Introduction
Six sigma is a process of quality measurement and improvement program developed by Motorola in the early 1980s. Sigma methodology can be applied wherever an outcome of a process is be measured. A poor outcome is counted as an error or defect. This is quantified as defects per million (DPM). Six sigma provides a more quantitative frame work for evaluating process performance with evidence for process improvement and describes how many sigma fit within the tolerance limits.1 Quality is assessed on the sigma scale with a criterion of 3 σ as the minimum allowable sigma for routine performance and a sigma of 6 being the goal for world-class quality.2 In 2001, David Nevelainen did a first study which bench marked the laboratory quality in six sigma scale.3
Six sigma is a powerful tool which can be used by laboratories for assessing the method quality, optimizing QC procedure, change the number of rules applied, number of controls run and change the frequency of QC run. Even to assess the quality of instrument sigma metrics can be effectively used.

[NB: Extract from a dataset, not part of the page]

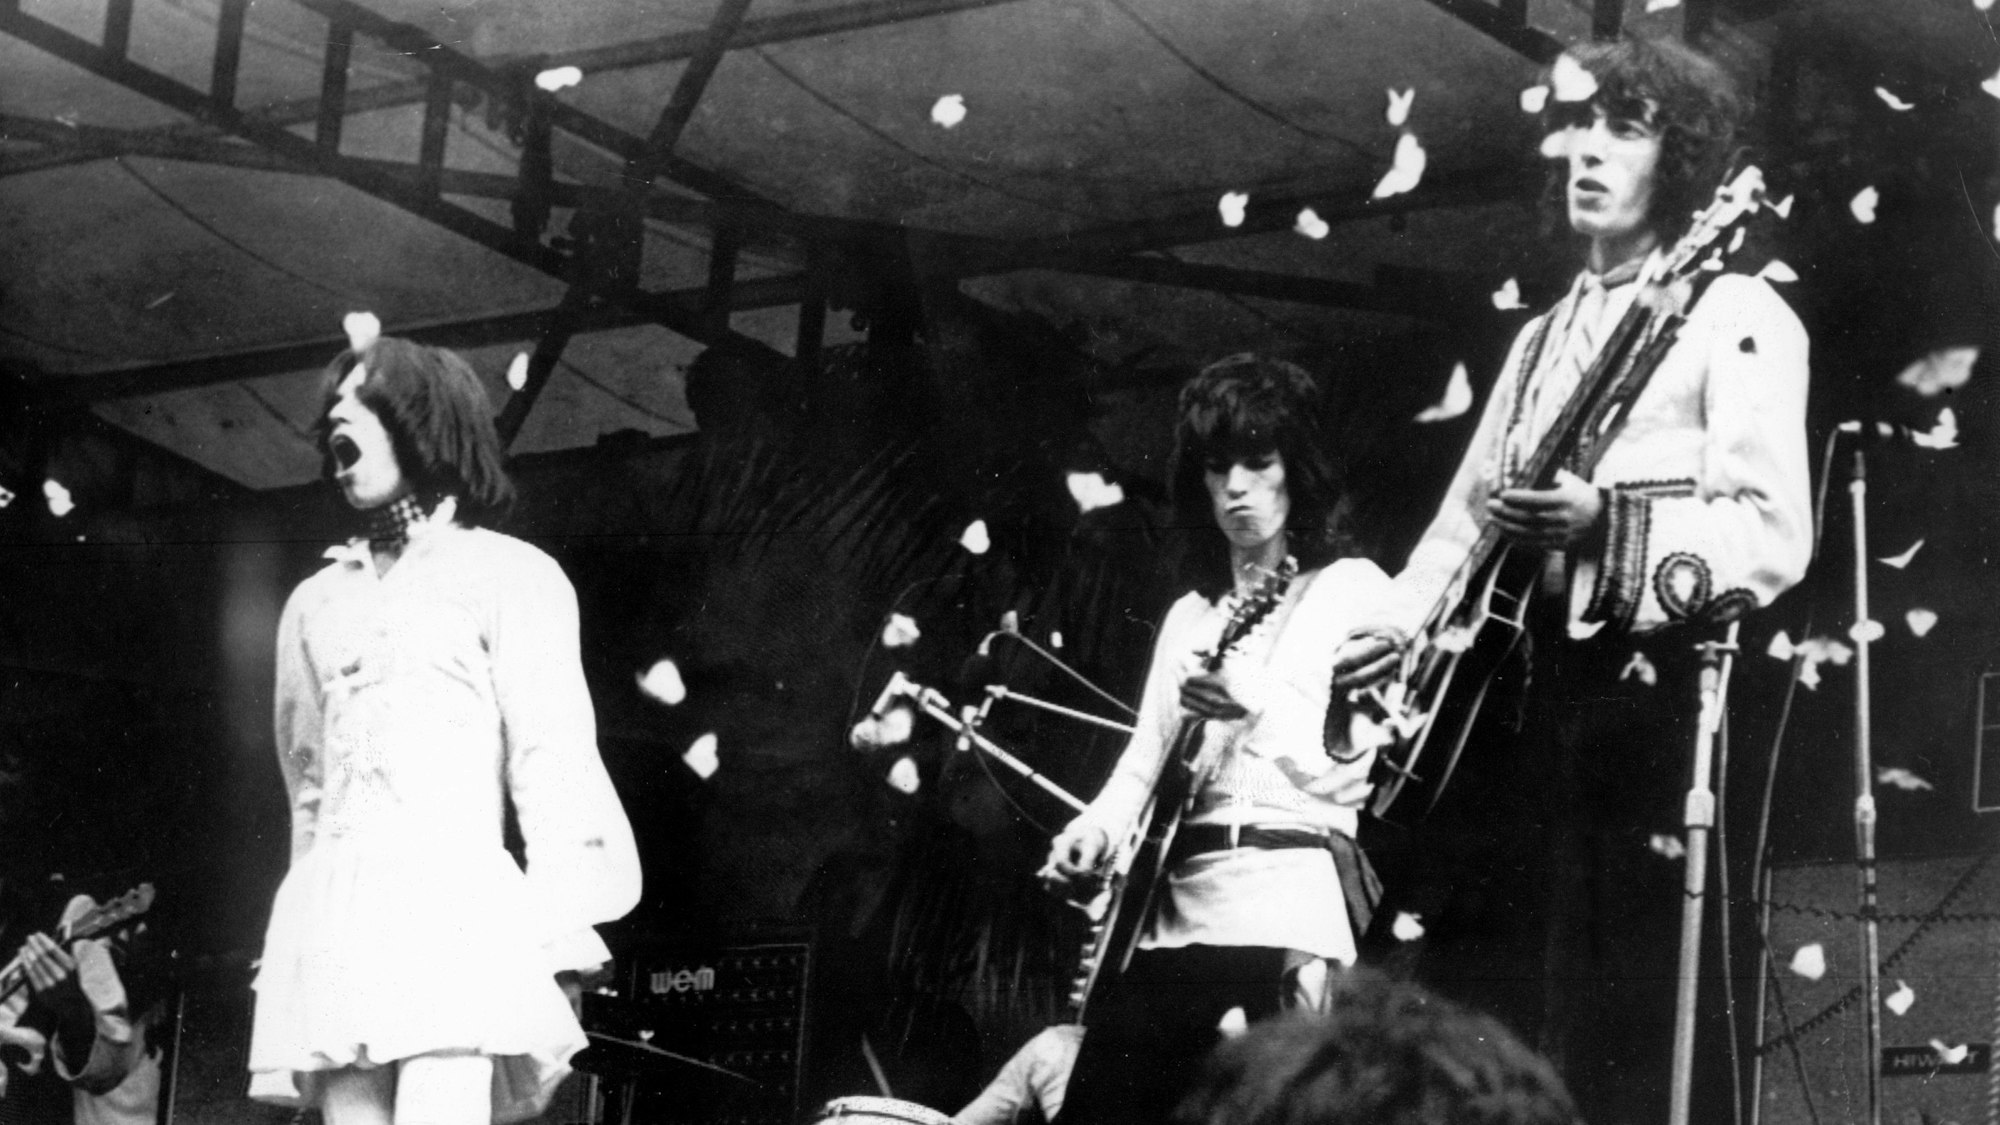 ARCHIV - 05.07.1969, Großbritannien, London: Frontman Mick Jagger (l-r), Rond Wood und Keith Richards von den Rolling Stones stehen auf der Bühne im Hyde Park, während Tausende von freigelassenen Schmetterlingen sie umschwärmen. (zu dpa-Korr "Vor 60 Jahren: Die Stones spielen in London ihr erstes Konzert") Foto: UPI/dpa +++ dpa-Bildfunk +++
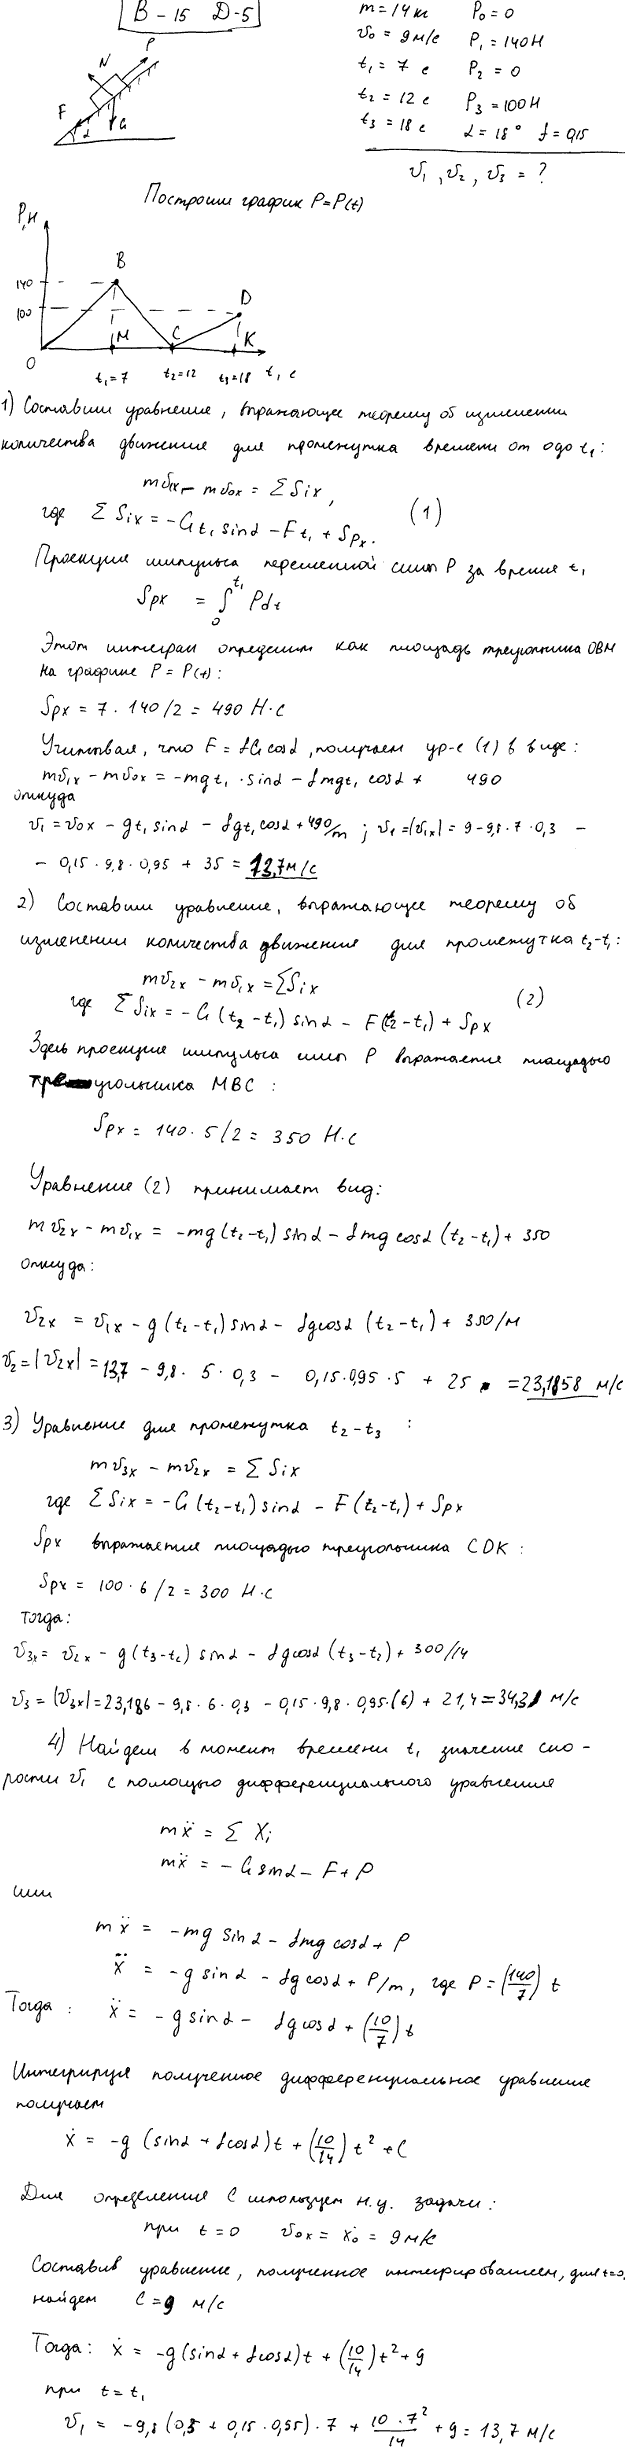 Задание Д.5 вариант 15. m=14 кг; v0=9,0 м/с; t1=7 с; t2=12 с; t3=18 с; P0=0 Н; P1=140 Н; P2=0 Н; P3=100 Н; α=18 град; f=0,15

Clinical laboratories are now the major pillars of diagnostic testing across all healthcare specialities. It is not feasible for the clinicians to diagnose, prognosticate, initiate appropriate interventions, and make future predictions without the valuable inputs from these laboratories.
The laboratory represents a small percentage of medical costs, but it leverages 60-70% of all major clinical decisions including critical ones. The most important costs to consider in the laboratory are related to total episode of care and the effects of unnecessary or inappropriate testing on subsequent procedures.4
Quality control in medical laboratory is a statistical or non-statistical process to monitor and evaluate the analytical process. Quality control results are used to validate whether the system is working properly within the pre-defined conditions and whether the patients’ tests results are reliable or not. There are two types of assessment for quality in laboratory viz. internal quality control (IQC) and Proficiency testing. IQC ensures continuous monitoring of the analytical system, so as to check whether the results are reliable enough to be released for clinical decision-making. Levey Jennings chart and Westgard’s rules are applied on daily quality control data to evaluate reliability.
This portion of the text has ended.